Above, each point on the circle $(x,y)\in S^1$ is mapped to $f(x,y)$ (orange-colored curve, looks like a mushroom). The optimal solution is highlighted by the red dot. From the plot, we can see that the red dot is indeed the global minimum.

Then, let's use `numqi` to find the optimal solution in three steps

1. define the manifold in `__init__()`
2. implement the objective function in `forward()`
3. run the minimization

In [None]:
class Mushroom(torch.nn.Module):
    def __init__(self):
        super().__init__()
        # define the manifold
        self.manifold = numqi.manifold.Sphere(2, dtype=torch.float64)

    def forward(self):
        # implement the objective function
        x,y = self.manifold()
        loss = x**4 + y**4 + 2*x**2*y**3
        return loss

# run the minimization
model = Mushroom()
theta_optim = numqi.optimize.minimize(model, theta0='uniform', num_repeat=3, tol=1e-10, print_every_round=0)

# print the results
x,y = model.manifold().detach().numpy()
print(x, y, theta_optim.fun)

Luckily, you may find the optimal solution in the first run (if not, try more runs).

### Minimum eigen vector

The minimum eigen vector problem is to find the eigenvector corresponding to the smallest eigenvalue of a given matrix $A$.
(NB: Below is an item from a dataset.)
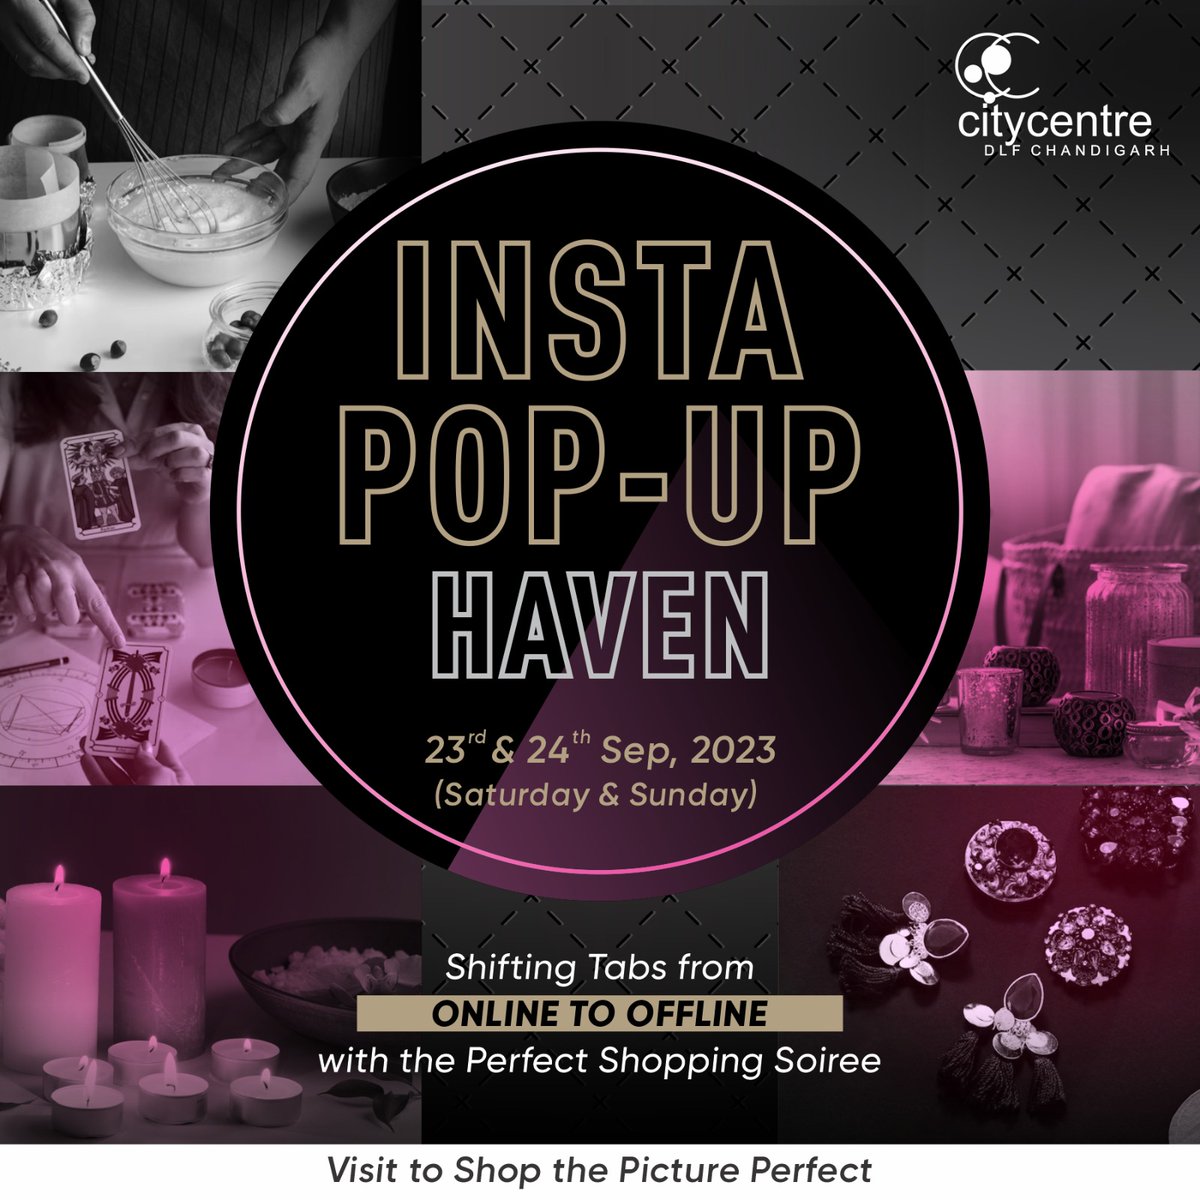 Love❤️Shop🛍️Share➤ Explore your #FavoriteFeed & Indulge over the Trendy & Exclusive #InstagramShops in #OFFLINEMODE with #INSTAPOPUPHAVEN at #DLFCityCentreMall on Saturday & Sunday, 23rd & 24th Sep, 2023. 📍DLF CityCentre Mall, IT Park, Chandigarh #ShoppingSoiree #PicturePerfect

$$ \min_{x\in S^{n-1}} f(x)=x^T A x $$

where $S^{n-1}$ is the n-Sphere manifold $S^{n-1}=\{x\in\mathbb{R}^n : \|x\|_2=1\}$.

In [None]:
class DummyMinEigen(torch.nn.Module):
    def __init__(self, mat):
        super().__init__()
        self.mat = torch.tensor(mat, dtype=torch.float64)
        self.manifold = numqi.manifold.Sphere(mat.shape[0], dtype=torch.float64)

    def forward(self):
        vec = self.manifold()
        loss = torch.dot(vec, (self.mat @ vec))
        return loss


Below, we generate a random symmetric matrix $A$ and find the minimum eigen vector using `numqi`.

In [None]:
N0 = 128
tmp0 = np_rng.normal(size=(N0,N0))
mat = (tmp0 + tmp0.T) / 2

model = DummyMinEigen(mat)
theta_optim = numqi.optimize.minimize(model, theta0='uniform', num_repeat=3, tol=1e-14, print_every_round=0)
EVL = theta_optim.fun
EVC = model.manifold().detach().numpy()
EVL_ = np.linalg.eigvalsh(mat)[0]
print('error(EVL)', np.abs(EVL-EVL_))
print('mae(EVC)', np.abs(mat @ EVC - EVC * EVL).max())